December 1, 2017

Forty Years Later - Shellac for my chairs




How many of us used Shellac to treat our plain wooden floors in Sibu and in the homes along the Rajang Basin?

I lived in a wooden house in Kung Ping Road (later Brooke Drive)in Sibu for many years and the floors were all shellacked by my mother herself with our help. We would do it at night when everyone was asleep. At that time the term DIY was not in our dictionary. But at that impressionable age I was pretty proud of my mother. She did quite a lot of things from scratch and when I became a mother and wife later I could never rise to her level or standard.

Mum always believed that a shellac floor was tidier and easier to keep clean. And we used the real thing at that time having the crush the shellac flakes into the thinner and mixing it well. It was sticky and smelly but our floors were beautiful and memorable.

Did you know that Shellac is a resin secreted by the female lac bug to form a cocoon, on trees in the forests of India and Thailand?

It is processed and sold as dry flakes , which are dissolved in denatured alcohol to make liquid shellac, which is used as a brush-on colorant, food glaze and wood finish much like a combination of stain and polyurethane. Shellac functions as a tough all-natural primer, sanding sealer, tannin-blocker, odor-blocker, stain (pigment), and high-gloss varnish. Shellac was also once used in electrical applications as it possesses good insulation qualities and it seals out moisture.

It is also often the only historically-appropriate finish for early 20th-century hardwood floors, and wooden wall and ceiling paneling.

From the time it replaced oil and wax finishes in the 1800s, shellac was the dominant wood finish in the western world until it was replaced by nitrocellulose lacquer in the 1920s and 1930s. It remained popular in the Southern United States through the 1950s and 1960s. It continues to be a popular candy glaze for pill shaped sweets such as Skittles.

A bottle of Shellac Flat, used to reduce the glossiness of shellac.Shellac comes in many warm colours, ranging from a very light blond ("platina") to a very dark brown ("garnet"), with all shades of brown and yellow and orange and red in between. The colour is influenced by the sap of the tree the lac bug is living on, as well as the time of harvest. Historically, the most commonly-sold shellac is called "orange shellac", and was used extensively as a combination stain and protectant on wood paneling and cabinetry in the 20th-century (see photo at right).
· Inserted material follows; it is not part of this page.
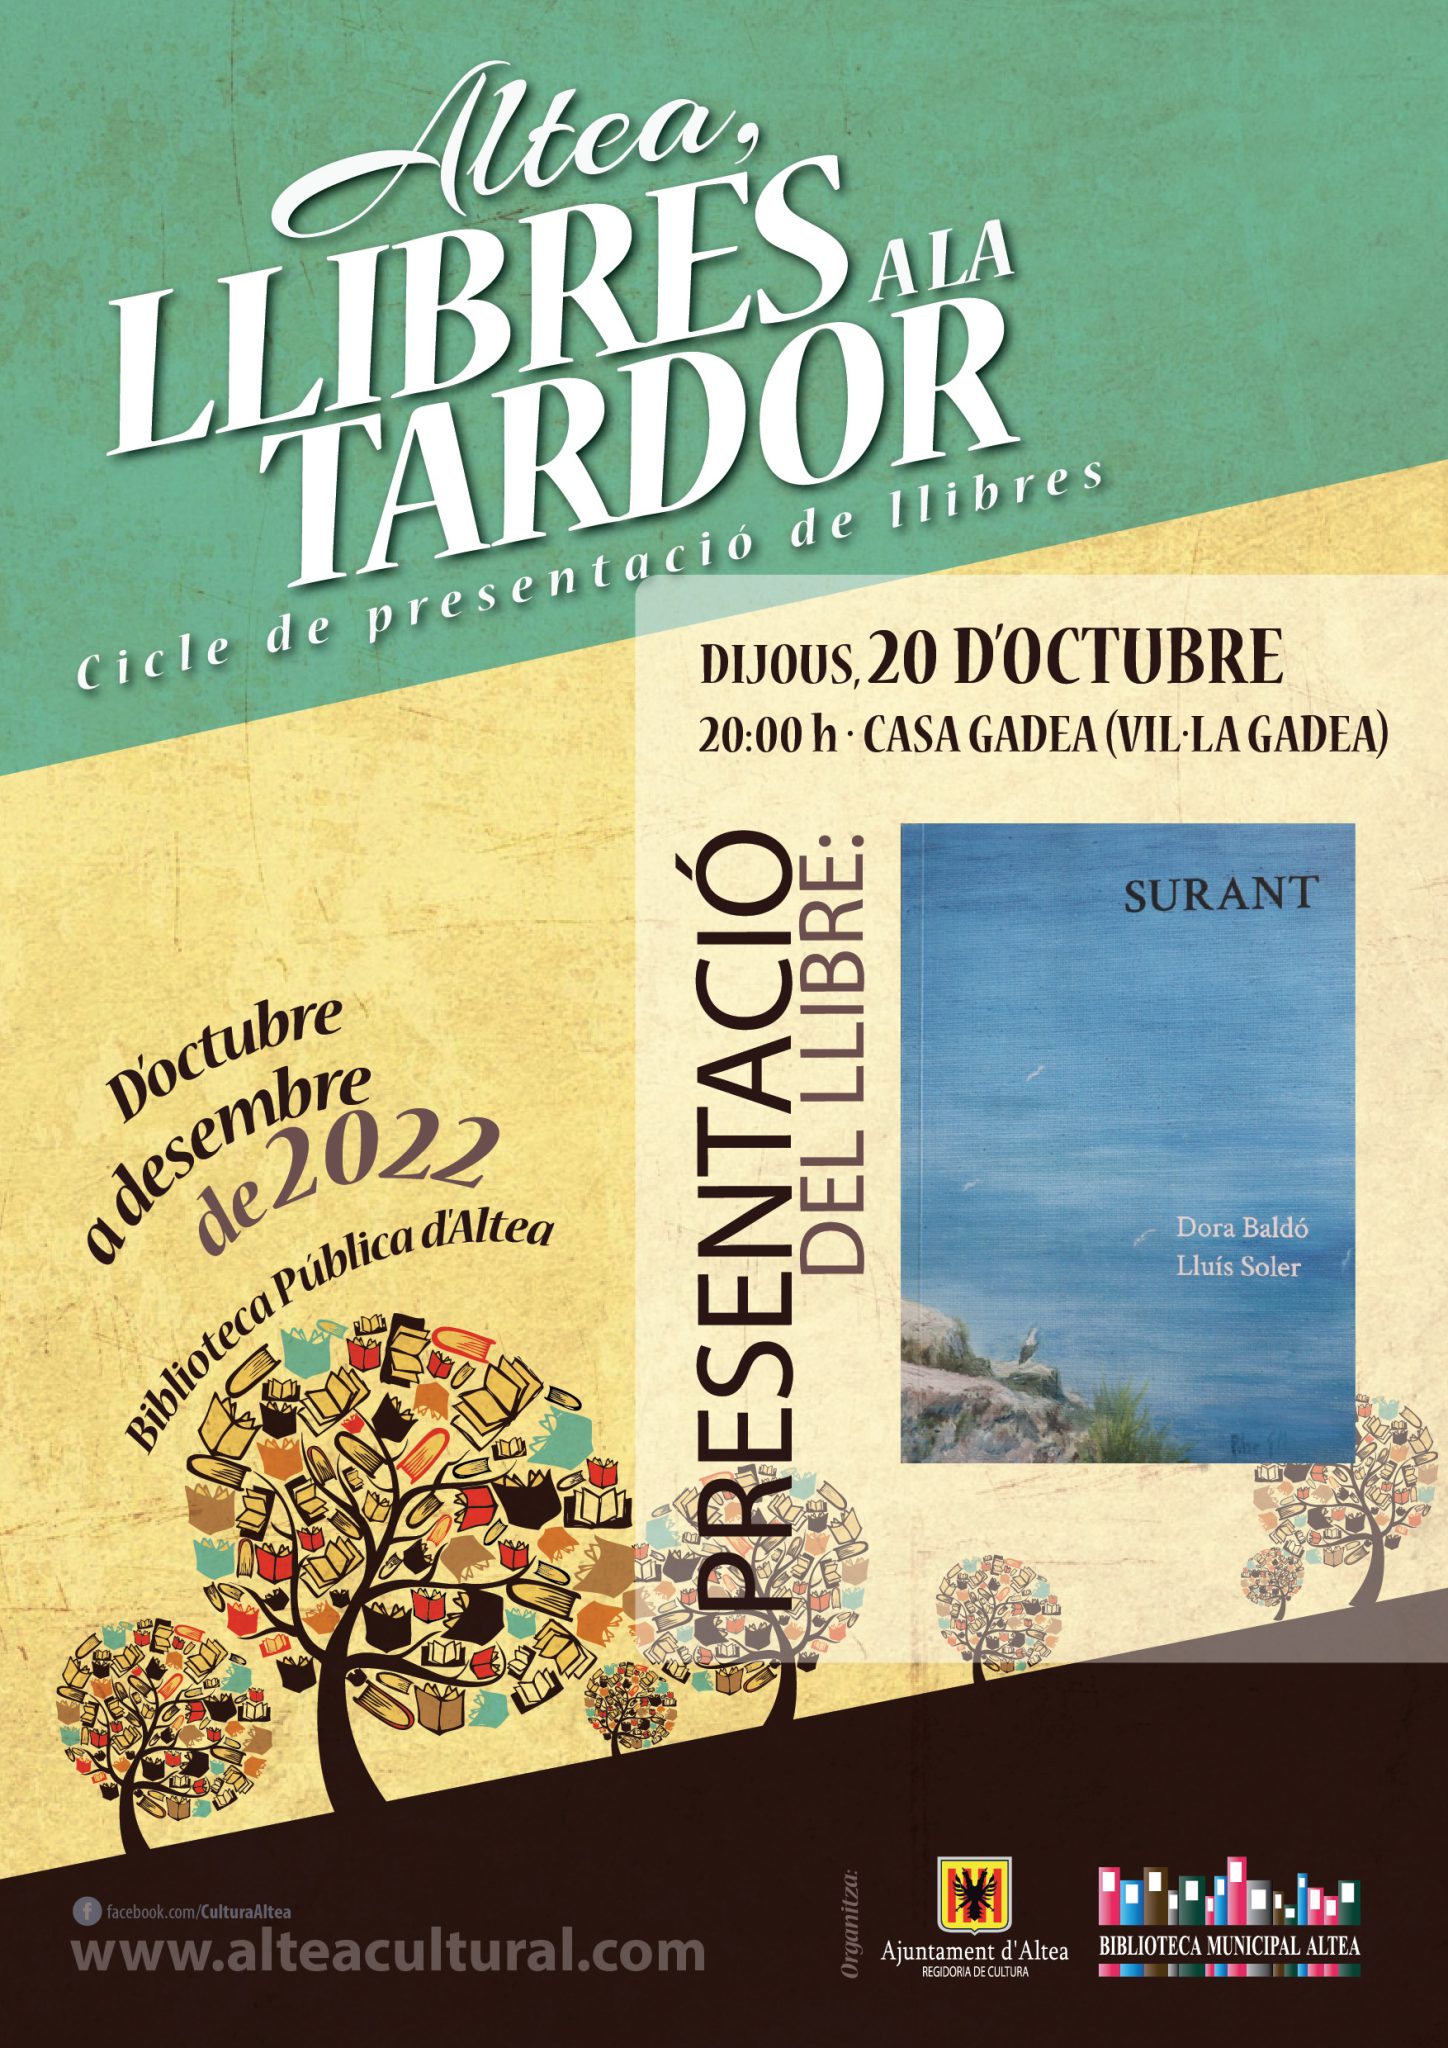 El próximo jueves se presentará en Altea, llibres a la tardor ‘Surant’ de Dora Baldó y Lluís Soler. A las 20:00 horas en Casa Gadea.

Shellac was once very common, being available any place paints or varnishes were sold (such as hardware stores). Cheaper, clear, more abrasion- and chemical-resistant items (such as polyurethane) have almost completely replaced it in the world of decorative residential wood finishing (such as for hardwood floors, wooden wainscoting and plank paneling, and kitchen cabinets). Such things, however, must be applied over a stain if the user wants the wood coloured; shellac wasn't applied over a stain, as it was orange/amber in colour by itself, and so functioned as a combination stain and protective topcoat. These modern chemicals, while some come closer than others, can never completely replicate the warm, inviting glow that shellac lends to wood. "Wax over shellac" (an application of buffed-on paste wax over several coats of shellac) is often regarded as the most beautiful finish for hardwood floors.[4]

Shellac flakes are hard to find now. Some specialty woodworking shops offer it as a special-order item. There are a few specialty companies dedicated exclusively to it, such as [1]. Zinsser offers a pre-mixed liquid preparation of waxy (non-dewaxed) shellac, in both "amber" (roughly Waxy Orange) and "clear" (roughly Waxy Platina), which is sold at Lowes and Home Depot.



Some interesting trivia :

It takes about 100,000 lac bugs to make 500 g of shellac flakes.
Shellac is UV-resistant, and does not darken as it ages (though the wood under it may do so on its own, as in the case of pine).
Shellac scratches less easily than lacquer, and damaged areas can easily be touched-up with another coat of shellac (unlike with polyurethane) because the new coat melds itself into the existing coat(s).